Adarsh Gupta, DO


Daily Food Journal: Control Your Triggers and Improve Your Eating Behaviors

The food journal is the most powerful tool for your weight loss success. Studies show that people who keep a food journal lose more weight and are more successful at keeping it off for the long-term than those who don’t.

What makes the Food Journal so effective?

Most food journals focus on weight, calories, and grams of fat, protein, and carbohydrates. While there is certainly some benefit to including this kind of information, experience has taught me that this data isn’t particularly useful when addressing issues of long-term weight loss and emotional eating.

The Food Journal focuses not just on the food, but also on your feeling and habits that have an impact on the hows, whys, and whats of your eating. This food journal is designed in such a way that you’ll be able to identify certain patterns that might have an impact on your food choices and eating behaviors.

For instance:

  • Which foods make you feel energized afterward, and which make you feel sluggish?
  • Which foods do you typically reach for when you are stressed?
  • What effect do certain foods have on your quality of sleep?
  • How often do you eat when you are not hungry?
  • Do you tend to eat faster or slower when eating with others compared to eating by yourself?

We often are disconnected by our eating experiences and from out bodies. Being more conscious of our behaviors and the driving forces behind them is a crucial part of the weight loss journey, so if you are unsure about the answers to any of the above questions, the Food Journal is for you!

How do I get the most out of my journal for maximum results?
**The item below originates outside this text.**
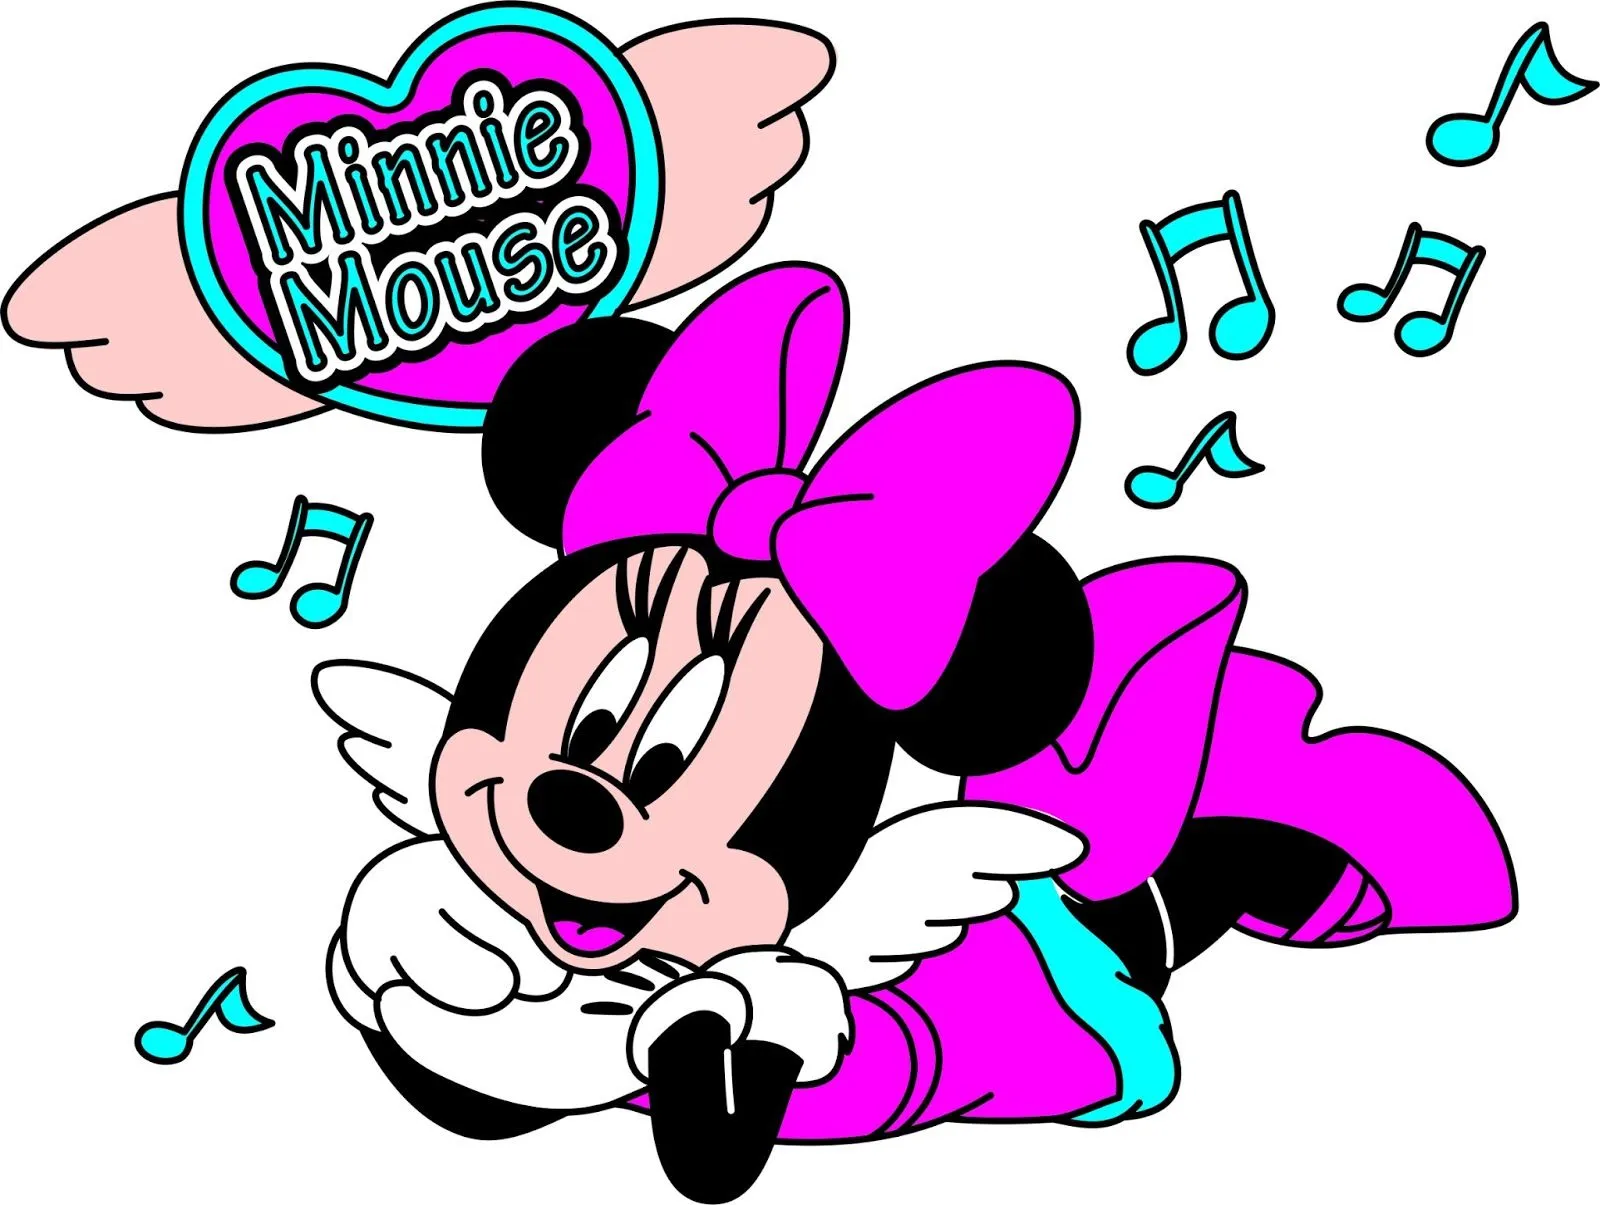 Descargar imágenes de Minnie Mouse - Imagui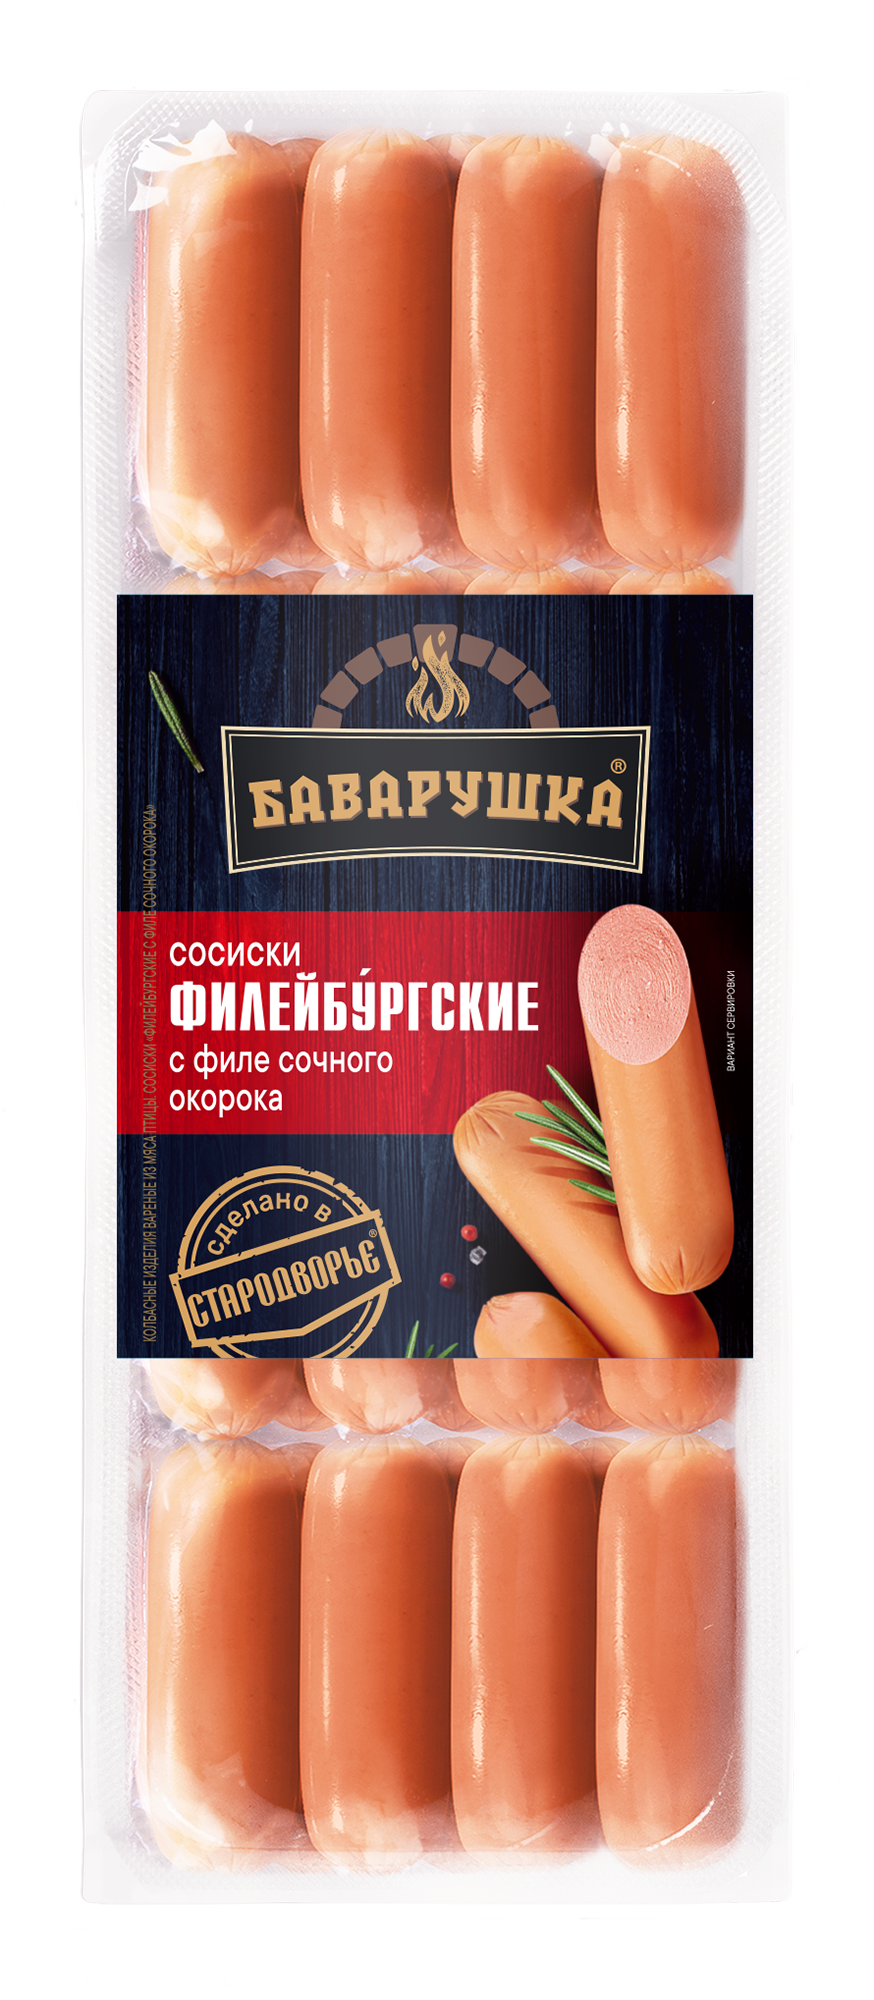 Сосиски Баварушка Филейбургские с филе сочного окорока 0,6 кг

  1. Be Honest. This tool is for your eyes only, and you do not have to share it with anyone else if you do not want to. The idea is not to judge what you record; rather, it is to increase your awareness and gain insight into your daily habits that might contribute to what and how much you are eating and how you are feeling. Honesty is key if you want to use the journal as it is designed and get results.
  2. Be Consistent. Get into the habit of filling out your journal every day, and soon it will become second nature. The more consistent you are in filling it out daily, the better. If, for some reason, it is not accessible to you, record the information somewhere else, and transfer it to your journal later when it is more accessible.
  3. Record Throughout The Day. Frequent entries throughout the day will help you stay more present and focused on your behaviors than if you wait until the end of the day to fill it all out.
  4. Be Specific. This is beneficial for two reasons:
    1. Being specific helps you better recognize how much you are eating. Just writing down “pasta” is not as effective as specifying the amount. (There is a big difference between 1/2 cup of pasta and 3 cups of pasta!) If you are not sure how much you are eating, measure your food (at least once) to gauge accurate portion sizes.
    2. Being specific enables you to assess your progress better. For instance, on the first day of your journal entry, you might have 5 diet sodas throughout the day. Two weeks later, you are down to 1 diet soda per day. If you did not specify the number of diet sodas in your journal, you would not have been able to recognize how much you improved over time.
  5. Play Detective. Are you dreading filling out a food log every day? Instead of viewing it as a chore, have fun with it! Think of it as an exercise to get to know yourself better and figure out the driving forces that motivate you to do what you do and eat what you eat. For instance, if you frequently suffer from chronic health issues, think of your journal as the gateway to figuring out the causes. You might notice that you only experience digestive upset after meals that contain dairy, or you only get headaches on the days you do not drink enough water. A food journal is one of the best tools to help you identify the root causes of what you are struggling with, from physical symptoms, cravings, lack of motivation, and more.